Only in aggravated cases. You must trust somebody (said Mr. Vincent), otherwise, you cannot clear the streets.
THE WOMEN MUST GO SOMEWHERE
“But I would not clear the streets. The women must go somewhere, and I would prefer that their existence should be thrust upon our attention than that it should be hidden away out of sight.”
That is a matter of opinion. I do not think morality is improved by the gross parade of vice before the young and the innocent.
But one thing is certain, and that is that poor Miss Cass’s case has put a stop to any attempt to do anything in the matter. I sympathize very deeply with her, But as a searching inquiry is, I am glad to say, proceeding, I will not speak of her unfortunate case.
The police are terrified out of their lives.

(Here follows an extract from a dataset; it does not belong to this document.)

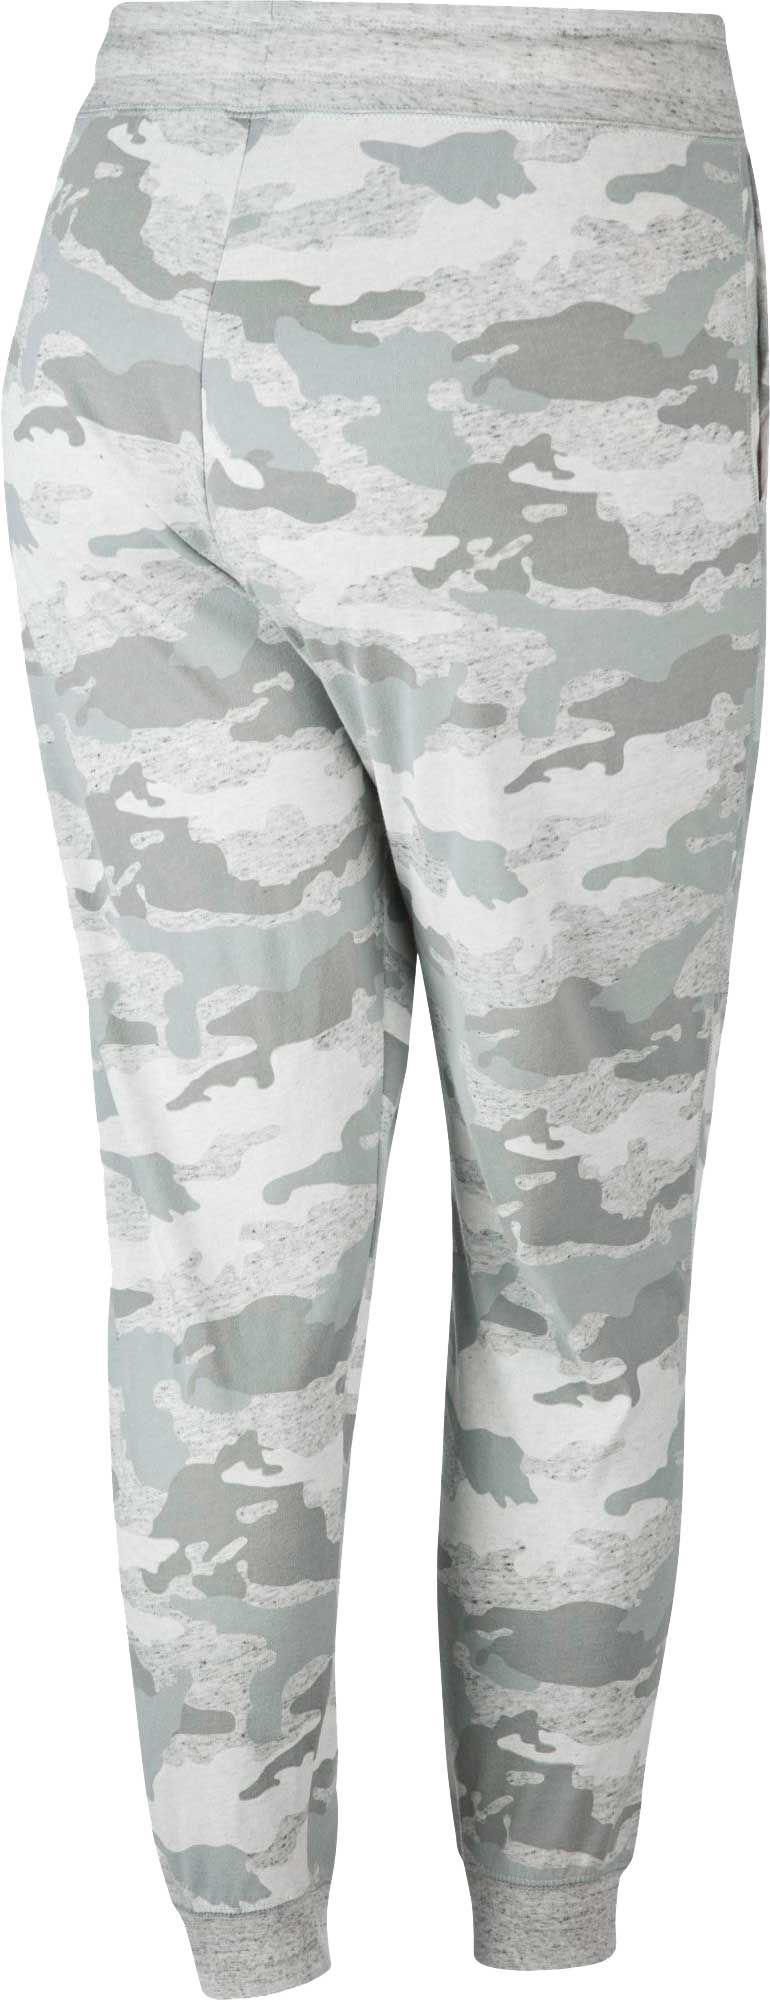 light grey camo pants

There is not an old hand in the force who, if asked by a young constable what should be done in such cases, will not reply, “Leave them alone.”
There is great joy I expect, in the foreign colony of Regent-street, for they now believe they are going to be free to do as they like.
THE FATE OF ENDACOTT
Look at Endacott. There is a ruined man. Even if he is perfectly innocent, he is done for. He is suspended – that means that his wages are stopped, and he has a wife and three children.

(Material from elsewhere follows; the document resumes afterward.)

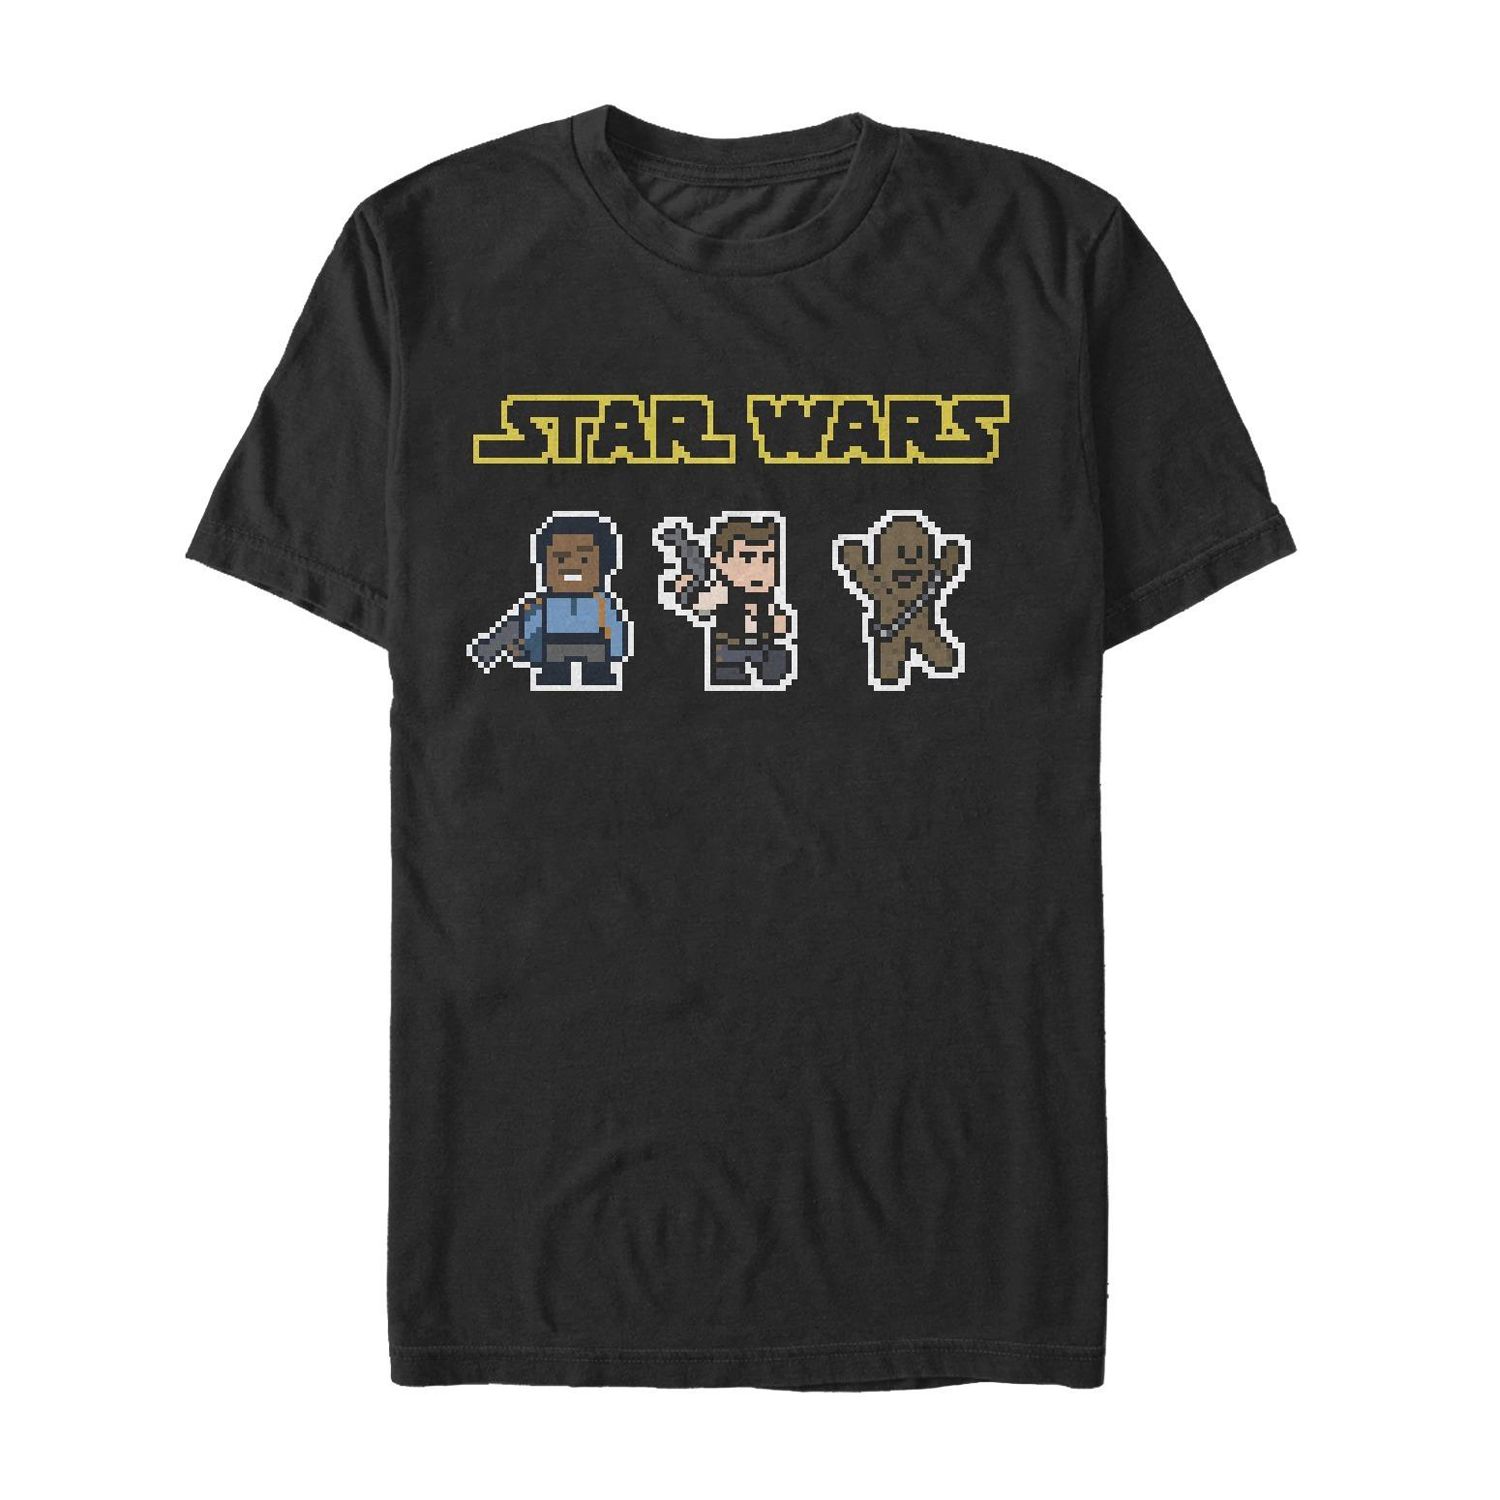 Мужская футболка Star Wars Smugglers Three

He has instructed Mr. St. John Wontner to defend him; that means that the whole of his savings will go in lawyer’s expenses, although I am sure that Mr. St. John Wontner will do it as cheaply and as well foi him as any one.

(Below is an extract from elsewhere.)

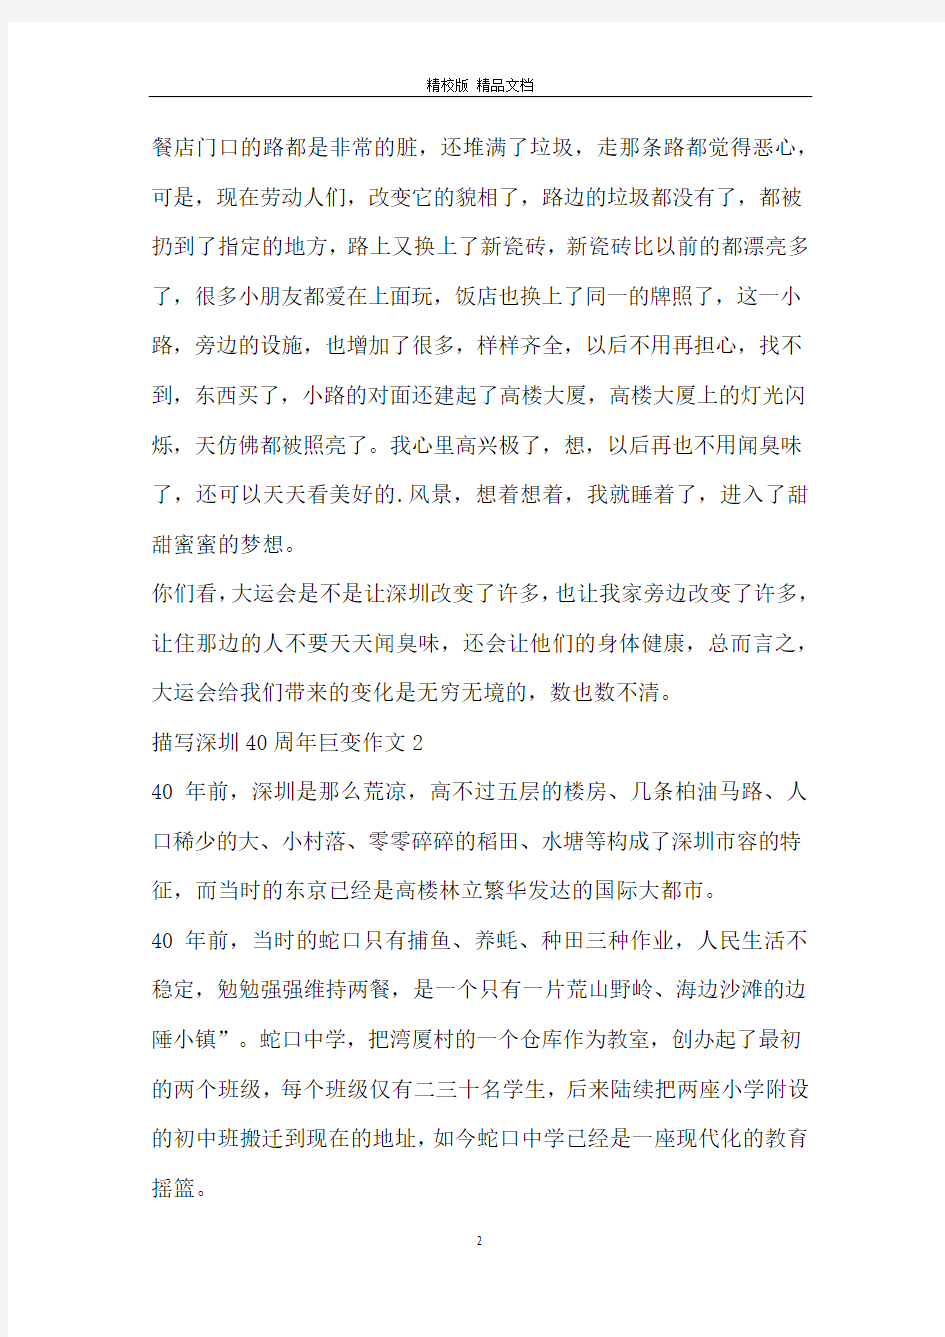 描写深圳40周年巨变作文_深圳经济特区的40岁生日作文

Even if he clears himself, he will always be looked al askance.
It is sometimes worse to be unlucky than to be wicked.
How can you expect men to be zealous in dangerous work where such a tremendous penalty is liable to be exacted at any moment?
It is impossible.
The police are plucky enough, but still, like most sensible people, they are inclined to fight shy of dirty water.
ARE THINGS BETTER OR WORSE?
“Do you think things are better or worse now?”
Better.
Old men who remember what existed thirty years ago tell me that things are immeasurably better.
From my own observation during the last fourteen years, I should say that they have improved.
For one thing, women do not catch hold of you in the street as they used to do; there has been a great improvement in that respect.
The closing of the night houses was an improvement, and the action of the vestries has done much to remove nuisances.
CAN YOU TRUST THE POLICE?
“But can you trust the police with such powers over women?”
I think you can, on the whole.
You must risk the smaller evil for the sake of the greater good.
There are 14,000 men in the force, and it is inevitable that there should be some black sheep among so large a flock.
If you cannot get 670 perfectly wise men as the elect of the three kingdoms in the House, how can you expect to get 14,o00 Solons in the policeman’s uniform?
Mr. Caine, I think, is heedlessly unjust.
How could the police clear Clapham-common of women when they have no power to do any such thing; and why should he adduce as the only named witnesses in support of his sweeping charges of wholesale bribery two dead men, Serjeant Ballantine and Mr. Knox?
A GUARD AGAINST SCANDALS
“Then how would you guard against such scandals as the Cass case?”
By entrusting a larger discretion to the inspector who receives charges to refuse to enter them, and insisting on his responsibility.
AVOIDING PUBLICITY
“But that (I objected) is to create your inspector a judge of the first instance, who sits in secret without the safeguards of publicity?”
Publicity is the one thing any one accused, no matter how unjustly, most wishes to avoid.
If he is arrested wrongfully he can appeal to the Commissioner, he wants no legal redress, for legal redress means publicity, and publicity means ruin.
There are many private and effective channels by which any policeman can be made amenable.
A LESS CORRUPT FORCE
The Metropolitan force compares favourably with any force in the world, and it is less corrupt.
“Because its power is more limited?”
Perhaps so.
But surely you need not dread the power which the police possess in America.
America is at least as free as England, and with that liberty they contrive to suppress licence.”